Don Jans clipped the curb with his car as he pulled into a rest stop in Texas. It was a minor incident that likely stemmed from the exhaustion of a solo, 2,000-mile drive home to Florida, after completing 127 miles at January's Across the Years in Phoenix.

Inspecting the damage, the 90-year-old Florida man was relieved to see none. So, he hopped in his sleeping bag for a few hours before waking up around 3 A.M.  to get back on the road. A few miles later, the car rebelled.

"The temperature gauge was at the max, so I pulled off the interstate and shut it down," Jans said. "Around three or four in the morning, I get towed to a mechanic in Ozana, Texas, which is in the middle of nowhere. When I got there, I climbed back in my sleeping bag and the mechanics arrived around 7 A.M. and found me there. Unfortunately, they didn't do radiators."

Jans received another tow to another mechanic in town and was back on the road the next day after sleeping in that mechanic's lot that night. He would make it home a day or so later.

In a way, it's a fitting description of Jans as runner and person. At 90 years old, Jans finds ways and reasons to keep moving in his 10th decade on Earth, and his  fifth running.

If he can do it, he'll do it. It might take a little longer than it used to, or, using  one of Jans's many sayings and mottos, "Don't be getting in a hurry." 

"I have no explanation for why I should keep running, but I highly recommend it to everybody," he said. "It's just great to be out there on the course, in the fresh air, and the training isn't a burden. I mean, if it's something you like to do, it's not punishment. If it's punishment, you need to find something you like. That's what we're here for right? To have fun."

A Wife, a Man, and a Van

Endurance goals have been top of mind for Jans since 1980. Then 48, he started running to lose weight. Realizing he enjoyed the challenge, he became a triathlete. One race turned into another, and he eventually qualified for and ran Kona in 1987.

The same happened when he transitioned to trails in the 1990s. He found new challenges and a community in running.

"The people in the ultra and running community are such a wonderful bunch to be around," Jans said. "Everybody helps everybody. They're just the salt of the earth. I said to myself that this was the place to be."

With the help of his wife Dorothy, they packed into the family van and found races to run and volunteer at all over the country. Though never a runner herself, Dorothy became the "ultimate crew chief" for Jans. She took extensive notes, took pictures of what Jans wore so he had a reference for future races, and  stocked the van like a mini aid station on wheels for other runners in need.

"She was a super mom," said Sharon Jans, 67, Jans's daughter. "I have three brothers and three sisters, and caretaking people out was kind of her life. She just extended that to runners. She helped a lot of people here and there at so many races. Whatever they needed, she had it somewhere in that van. She loved it. It kept her busy."

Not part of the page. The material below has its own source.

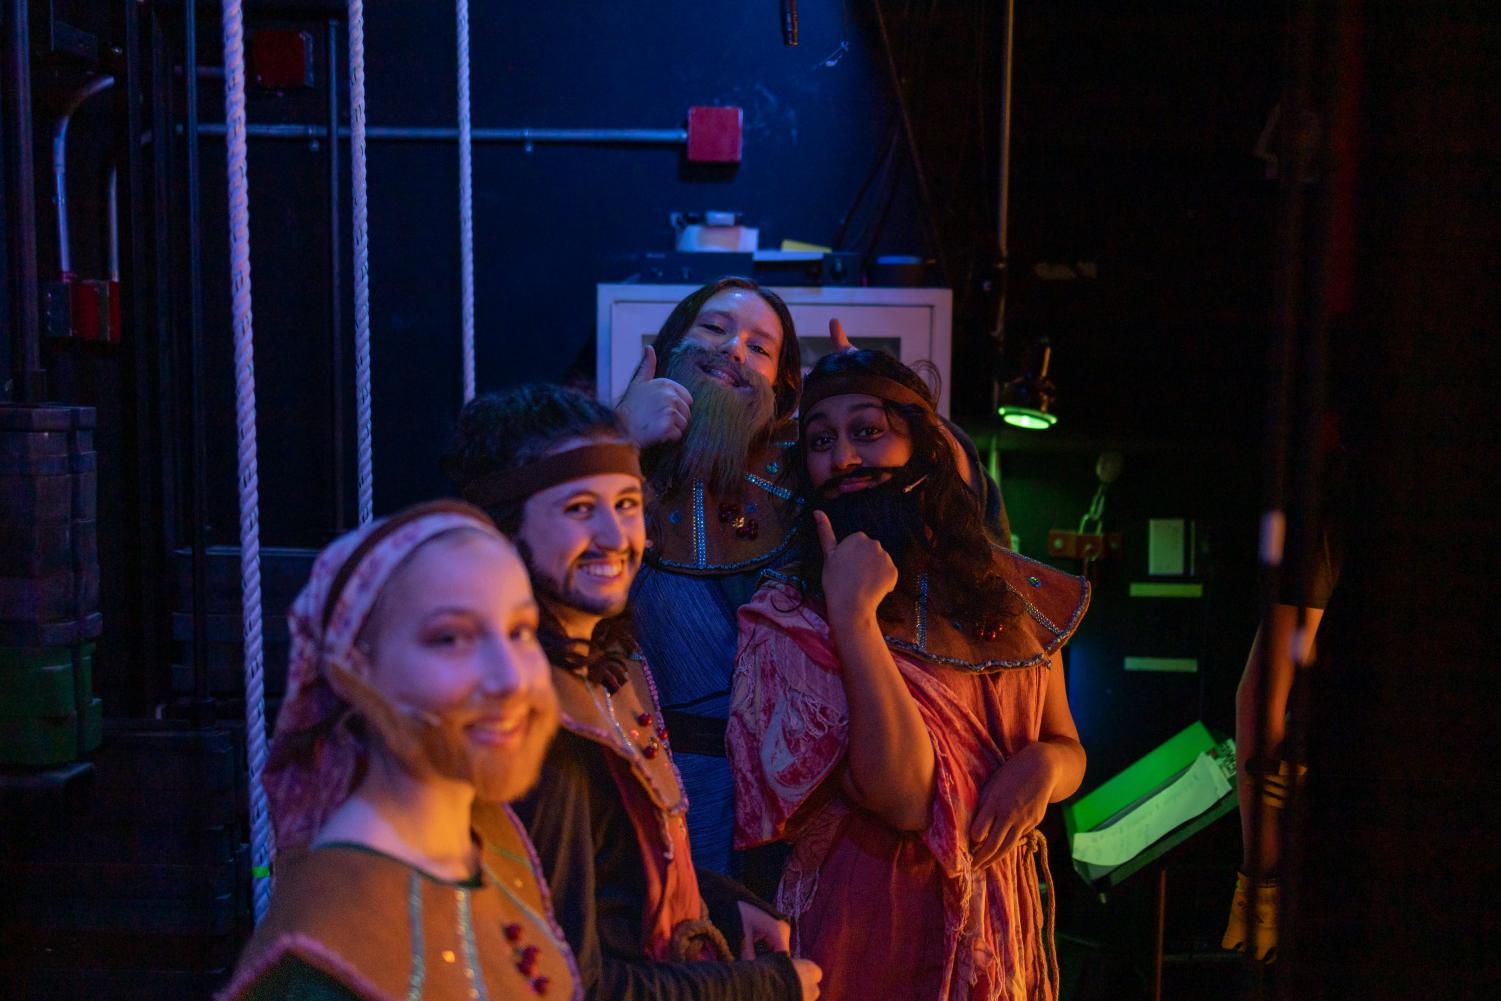 Backstage+at+Joseph+and+the+Amazing+Technicolor+Dreamcoat

While they mostly stuck to the Southeast near their Clearwater, Florida home, Jans racked up multiple ultra finishes a year after 1990, including the Umstead 100 (eight times), JFK 50 (also eight times), and Ancient Oaks 100, to name a few. He was in his 60s and 70s for the majority of these. 

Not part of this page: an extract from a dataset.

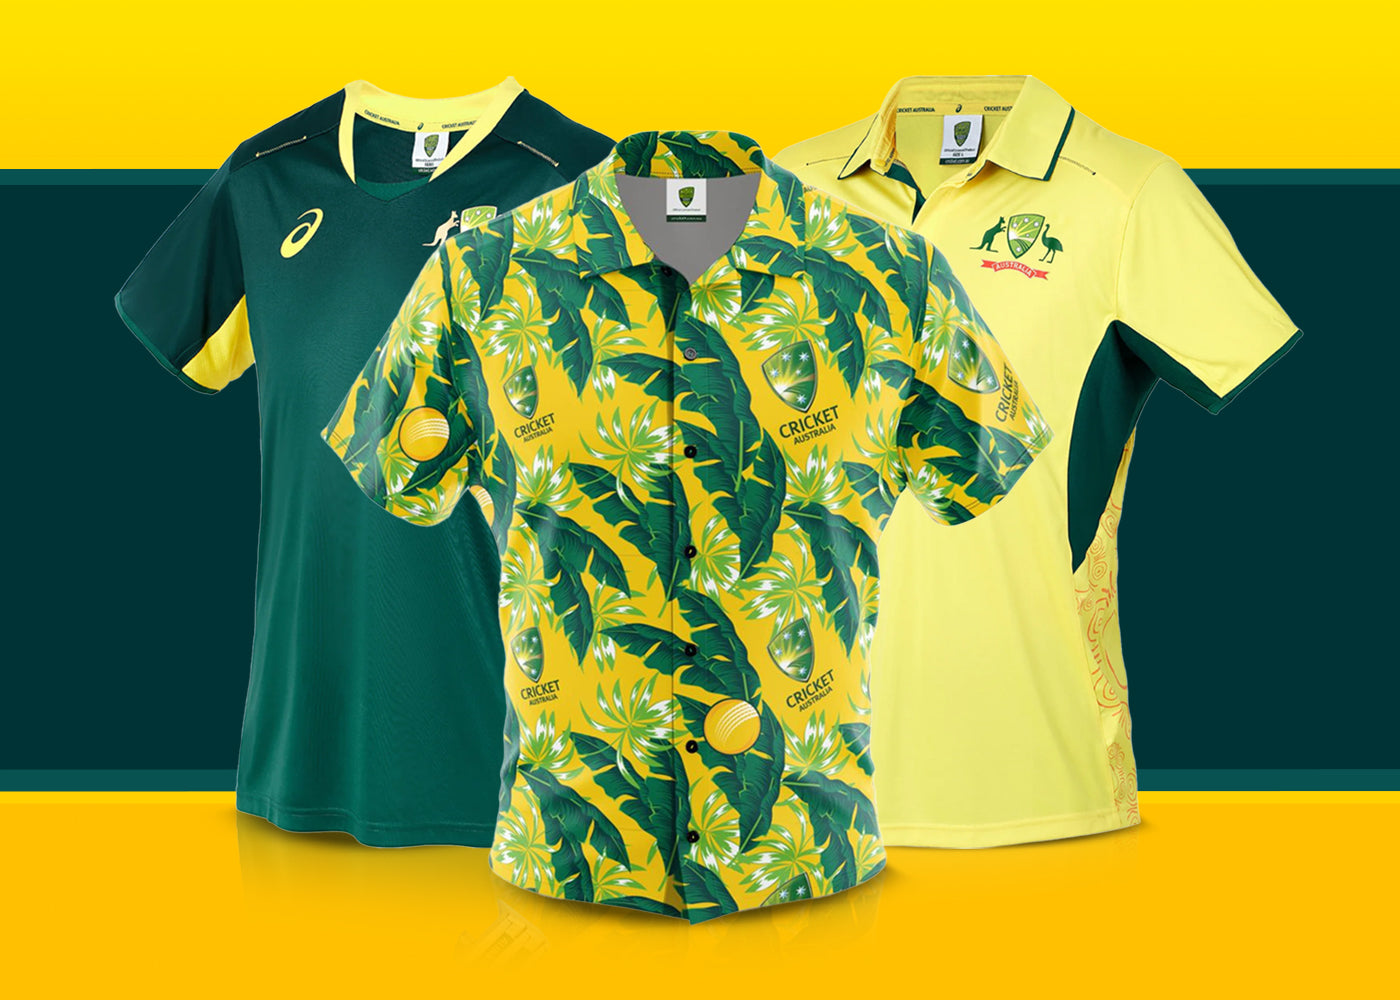 Cheer on Australia in green and gold during the ICC Men's T20 World Cup with the latest Cricket Australia Supporter Range.

Then, it all came to a halt in 2009.

They first noticed it at a race. Jans came into an aid station and found Dorothy asleep in the van. She had never missed him or been asleep at any aid station before.

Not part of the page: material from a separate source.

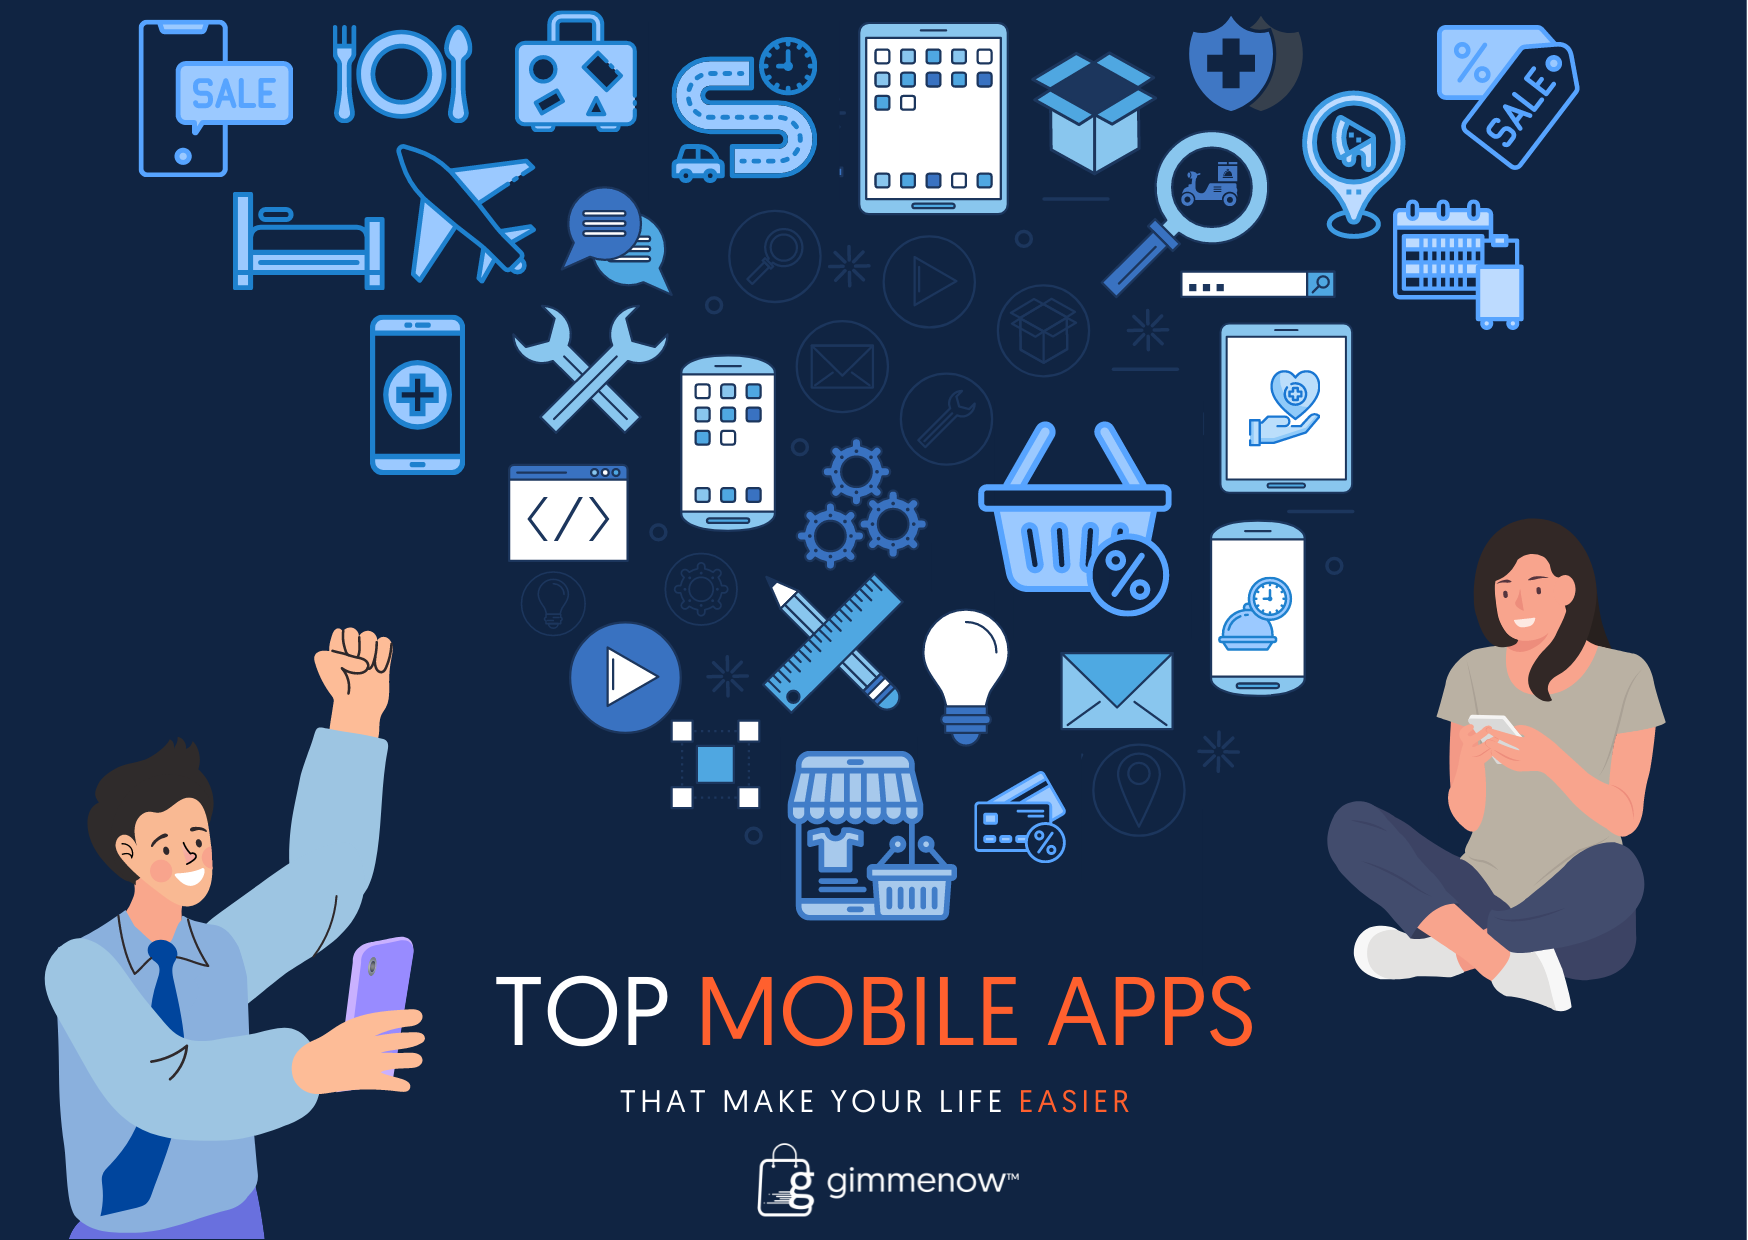 GimmeNow Top Mobile Apps

Soon after, Dorothy was diagnosed with lymphoma. When that seemed to be cured, another diagnosis followed. 

"We went through a battle for five to six years," Jans said. "You lose track of time, and I'm not blaming the medical people. Once you think you're over one hurdle, there's another one. There's a continual series of disappointments, if you want to call it that. You just do it. We had been married for 60-some years, and for these next years, I was a full-time caregiver. Nothing else. You just do it."

When Dorothy passed away in October 2015, Jans didn't know what to do. He hadn't run in years while tending to his wife and best friend. He had a hip replacement and had done some swimming and walking, but nothing near what he used to. He wasn't sure if he'd ever run like he did.

A Comeback Story

Looking for something to occupy his mind and time, one conversation led to rediscovering his goals through discovering a new race.

Depending on who you ask in the family, you'll get a different story. Jans goes with his version in which one of his daughters, Marilyn Jans Schupbach, 69, alerted him to the existence of A Race for the Ages (ARFTA). The Tennessee-based race is essentially a timed, multi-day race but with a couple twists. Everyone 40 and younger gets to run the final 40 hours of the race. Anyone 41 and older is allotted a number of hours equal to their age. In 2018, that meant Jans, who was 85, got 85 hours to run.

"I was just trying to recoup mentally from losing my wife, so it was a distraction, get your mind onto something worthwhile," Jans said. "Marilyn told me, 'Why don't you try this and see how it goes?'"

Intrigued by the concept, Jans signed up, training around the roads in his new home in The Villages, Florida. He was also motivated by having someone to race with: Marilyn. 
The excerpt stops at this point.